Continetti likewise treats Ronald Reagan as a veritable saint, a man “extremely sensitive to the charge of racism.” He admits Reagan was recorded sharing racist banter with Richard Nixon in the 1970s — in portions of the White House tapes uncovered in 2019, Reagan mocked African diplomats as “monkeys” to Nixon — but Continetti dismisses it as a one-off: “It is telling that historians have found only a single instance of him making a bigoted remark,” he argues. (It would be quite a coincidence if Reagan’s only private racist diatribe occurred when he happened to be surreptitiously recorded by Nixon’s secret White House taping system!)
He likewise ignores Reagan’s oft-used denunciations of a “welfare queen” or “strapping young buck” using food stamps, as well as the habitual racism of another of his protagonists, Rush Limbaugh, whom he lauds.
His blithe treatment of racism in the party sits uncomfortably alongside his harsh judgment of anti-Semitism. Continetti recounts in detail numerous anti-Semitic affronts committed by various paleoconservatives, leaving the strange impression that, among the Republican elite, bias against Jews is ubiquitous while prejudice against Black people is rare.
He presents the rise of the supply-siders within the party — orchestrated by neoconservative maestro Irving Kristol — as evidence of the party’s seriousness on domestic policy. (Even right-wing economists have conceded the supply-siders consisted of charlatans and cranks.) He credulously quotes Reagan boasting of his economic program, “those who have the least will gain the most,” without noting that, in point of fact, those who had the most gained the most.
There are dissonant facts that flash through Continetti’s story without him pausing to grapple with the challenge they pose to his thesis. If the neoconservatives were the force upholding responsible mainstream governance within the party before the Trumpian madness overtook them, why did the preeminent neoconservative Norman Podhoretz attack Reagan from the right, and then go on to endorse Trump? Why did neoconservatives (including Continetti) usher in the populist Sarah Palin and fall in line behind her?

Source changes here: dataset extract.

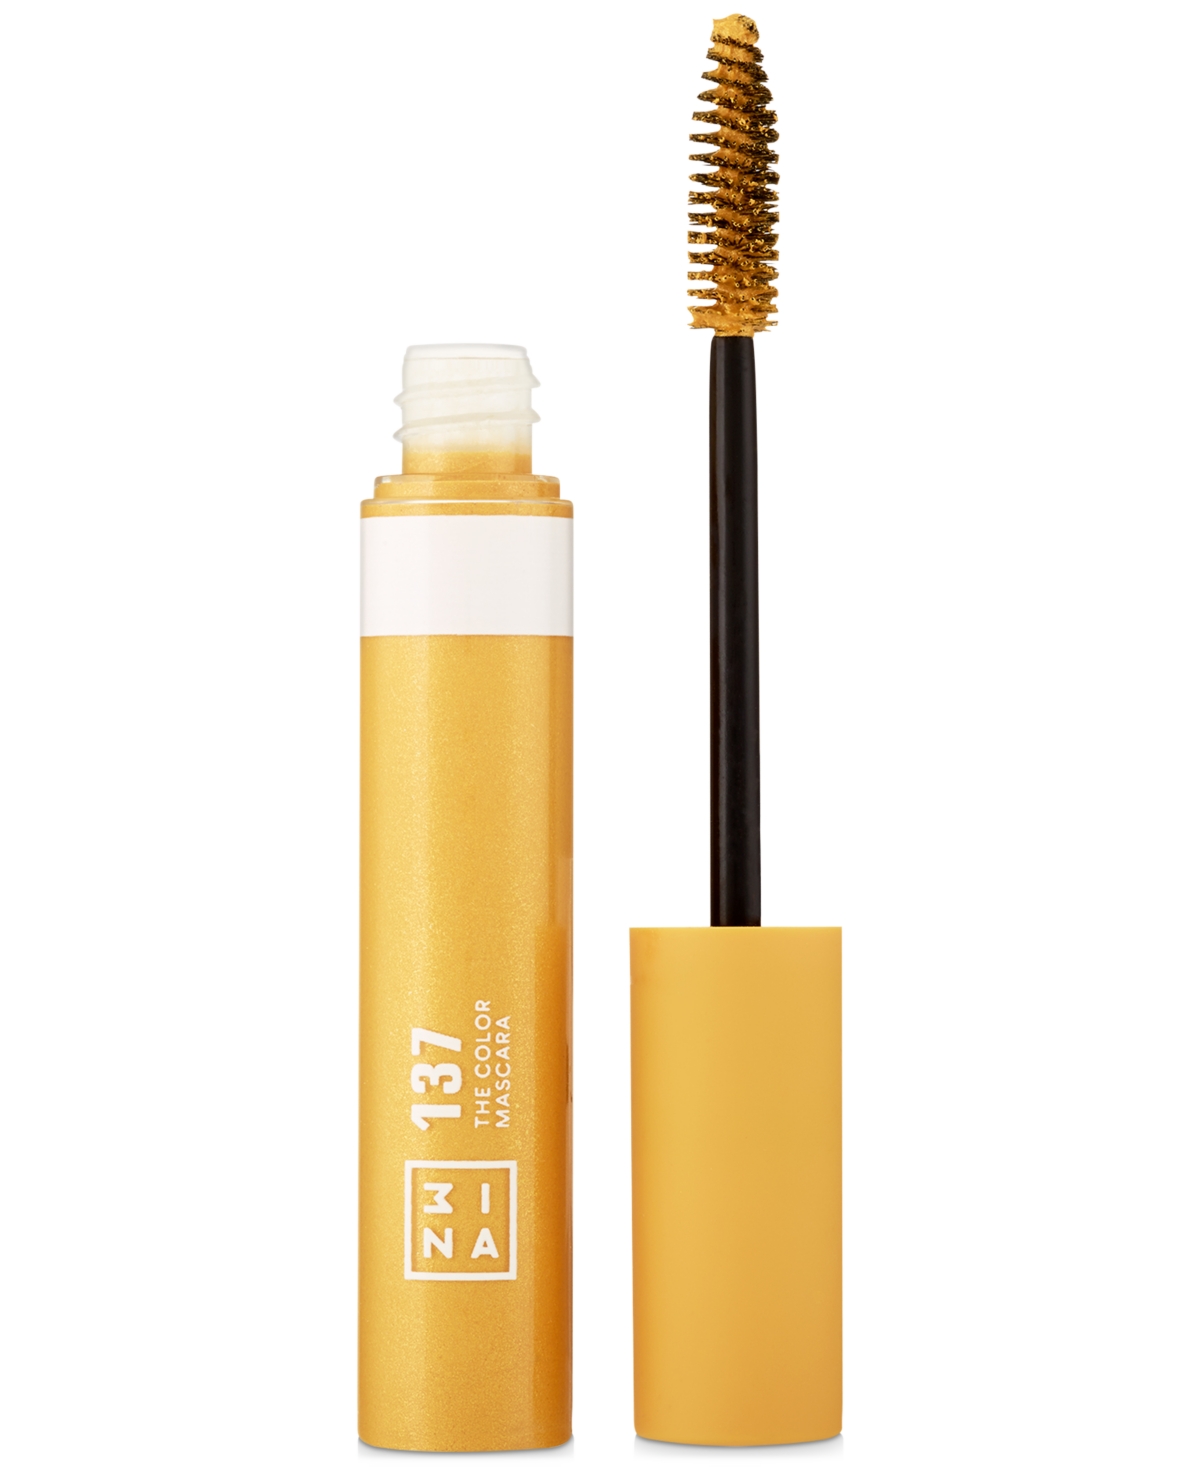 3ina The Color Mascara In - Yellow

Here is the larger flaw in his thesis: while he concedes the racist and authoritarian tendencies within the party, he is attempting to stuff them all into a single faction while absolving the rest of the party, even though they worked hand in hand for decades.
Continetti’s argument grows increasingly confused as his historical narrative progresses closer to the present day. Still, it provides a great deal of value and honesty. A clear-eyed reconsideration of the neoconservatives and the Reagan-era party will await another author. In the meantime, Continetti has delivered some bracing honesty about the conservative movement’s origins and true nature.